Opening and reading Word document's text in C# and VB.NET
Screenshot of read text from input Word document
Upload your file (Drag file here)
using System;
using System.Linq;
using System.Text.RegularExpressions;
using GemBox.Document;

class Program
{
    static void Main()
    {
        // If using Professional version, put your serial key below.
        ComponentInfo.SetLicense("FREE-LIMITED-KEY");

        // Load Word document from file's path.
        var document = DocumentModel.Load("%InputFileName%");

        // Get Word document's plain text.
        string text = document.Content.ToString();

        // Get Word document's count statistics.
        int charactersCount = text.Replace(Environment.NewLine, string.Empty).Length;
        int wordsCount = Regex.Matches(text, @"[\S]+").Count;
        int paragraphsCount = document.GetChildElements(true, ElementType.Paragraph).Count();
        int pageCount = document.GetPaginator().Pages.Count;

        // Display file's count statistics.
        Console.WriteLine($"Characters count: {charactersCount}");
        Console.WriteLine($"     Words count: {wordsCount}");
        Console.WriteLine($"Paragraphs count: {paragraphsCount}");
        Console.WriteLine($"     Pages count: {pageCount}");
        Console.WriteLine();

        // Display file's text content.
        Console.WriteLine(text);
    }
}
Imports System
Imports System.Linq
Imports System.Text.RegularExpressions
Imports GemBox.Document

Module Program

    Sub Main()

        ' If using Professional version, put your serial key below.
        ComponentInfo.SetLicense("FREE-LIMITED-KEY")

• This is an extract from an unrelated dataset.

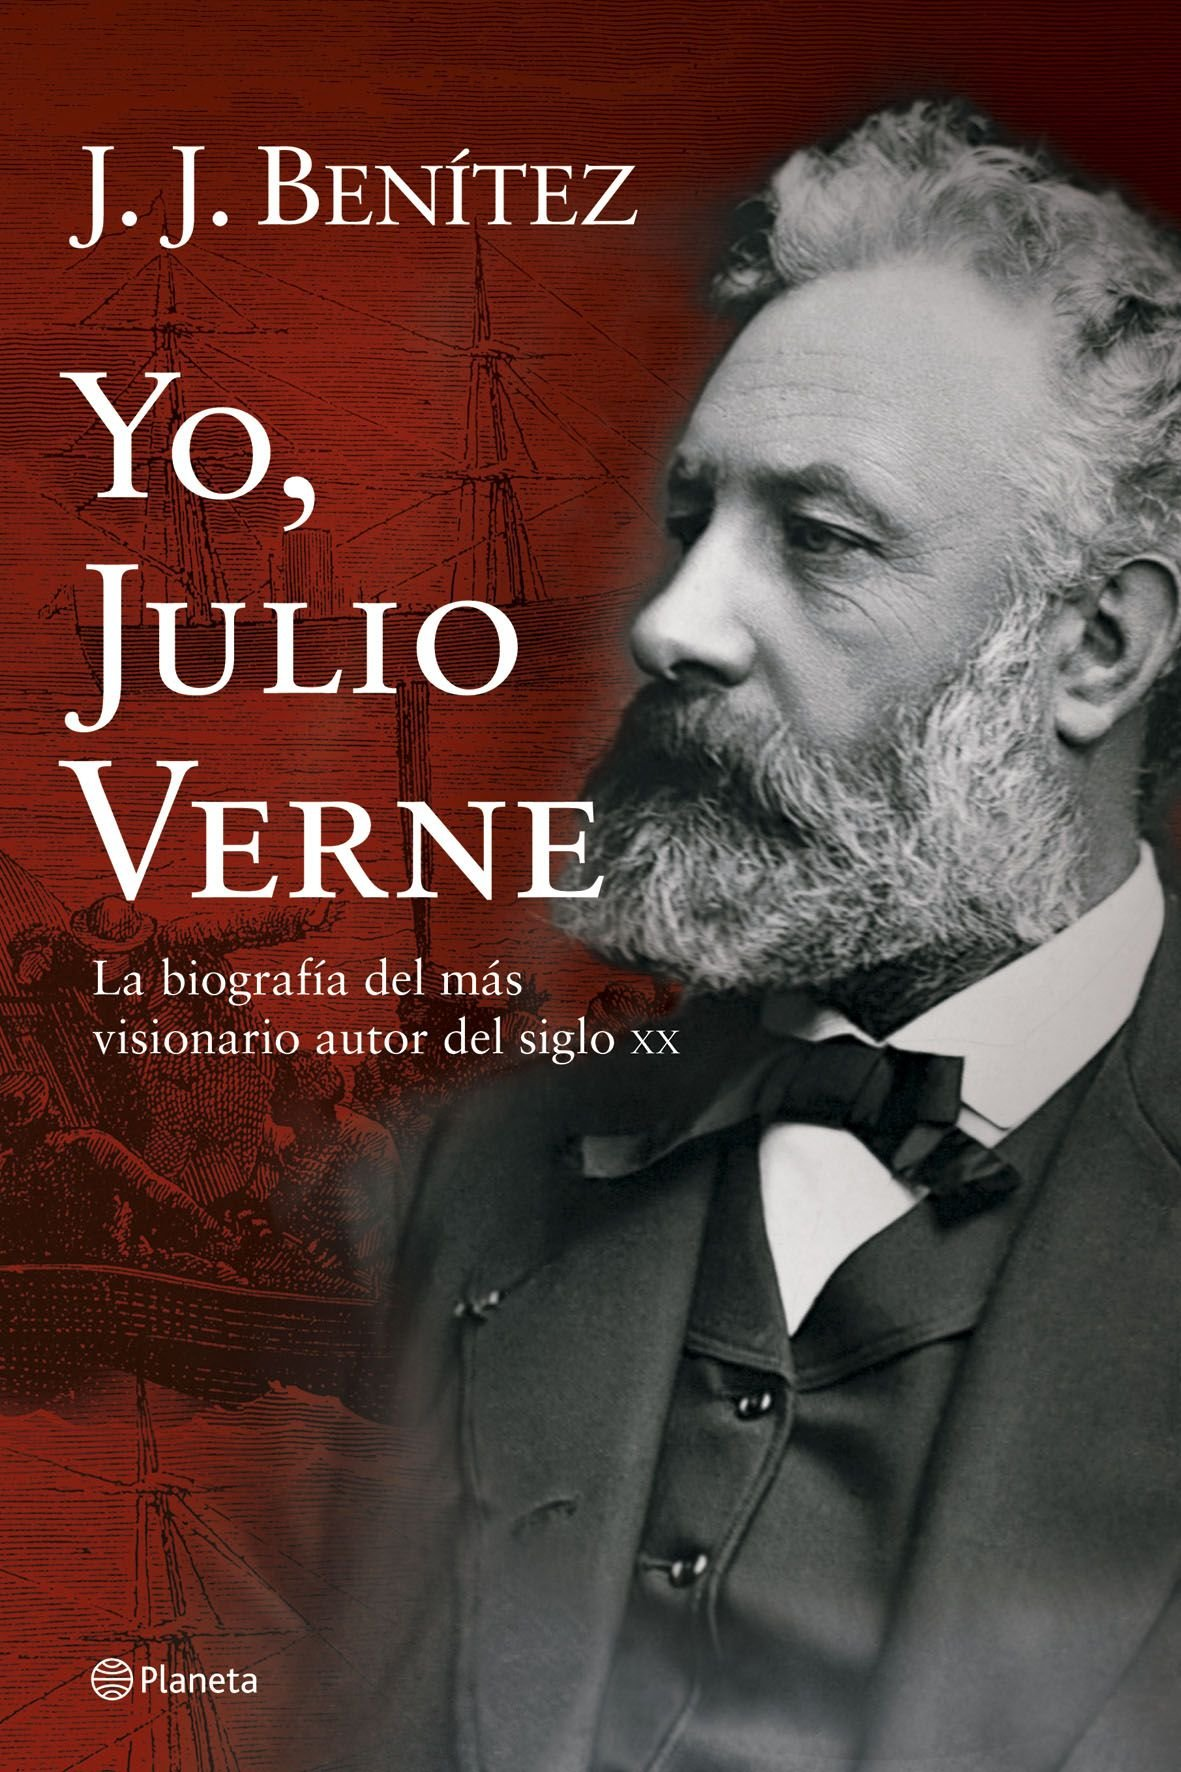 Yo, Julio Verne (Biblioteca J. J. Benítez): Amazon.es: J. J. ...

        ' Load Word document from file's path.
        Dim document = DocumentModel.Load("%InputFileName%")

        ' Get Word document's plain text.
        Dim text As String = document.Content.ToString()

        ' Get Word document's count statistics.
        Dim charactersCount As Integer = text.Replace(Environment.NewLine, String.Empty).Length
        Dim wordsCount As Integer = Regex.Matches(text, "[\S]+").Count
        Dim paragraphsCount As Integer = document.GetChildElements(True, ElementType.Paragraph).Count()
        Dim pageCount As Integer = document.GetPaginator().Pages.Count

        ' Display file's count statistics.
        Console.WriteLine($"Characters count: {charactersCount}")
        Console.WriteLine($"     Words count: {wordsCount}")
        Console.WriteLine($"Paragraphs count: {paragraphsCount}")
        Console.WriteLine($"     Pages count: {pageCount}")
        Console.WriteLine()

        ' Display file's text content.
        Console.WriteLine(text)

    End Sub
End Module

Reading Word document's elements

Besides reading the text of the whole document, you can also read just some part of it, like a specific Section element or HeaderFooter element. Each element has a Content property with which you can extract its text via the Content.ToString method.

The following example shows how you can open a document and traverse through all Paragraph elements and their child Run elements, and read their text and formatting. To read more about the visual information of the content elements, see the Formattings and Styles help page.

Opening and reading Word document's text and formatting in C# and VB.NET
Screenshot of read elements from input Word document
Upload your file (Drag file here)
using System;
using System.IO;
using System.Linq;
using GemBox.Document;

class Program
{
    static void Main()
    {
        // If using Professional version, put your serial key below.
        ComponentInfo.SetLicense("FREE-LIMITED-KEY");

        var document = DocumentModel.Load("%InputFileName%");
        using (var writer = File.CreateText("Output.txt"))
        {
            // Iterate through all Paragraph elements in the Word document.
            foreach (Paragraph paragraph in document.GetChildElements(true, ElementType.Paragraph))
            {
                // Iterate through all Run elements in the Paragraph element.
                foreach (Run run in paragraph.GetChildElements(true, ElementType.Run))
                {
                    string text = run.Text;
                    CharacterFormat format = run.CharacterFormat;

                    // Replace text with bold formatting to 'Mathematical Bold Italic' Unicode characters.
                    // For instance, "ABC" to "𝑨𝑩𝑪".
                    if (format.Bold)
                    {
                        text = string.Concat(text.Select(
                            c => c >= 'A' && c <= 'Z' ? char.ConvertFromUtf32(119847 + c) :
                                 c >= 'a' && c <= 'z' ? char.ConvertFromUtf32(119841 + c) :
                                 c.ToString()));
                    }

                    writer.Write(text);
                }

                writer.WriteLine();
            }
        }
    }
}
Imports System
Imports System.IO
Imports System.Linq
Imports GemBox.Document

Module Program

    Sub Main()

        ' If using Professional version, put your serial key below.
        ComponentInfo.SetLicense("FREE-LIMITED-KEY")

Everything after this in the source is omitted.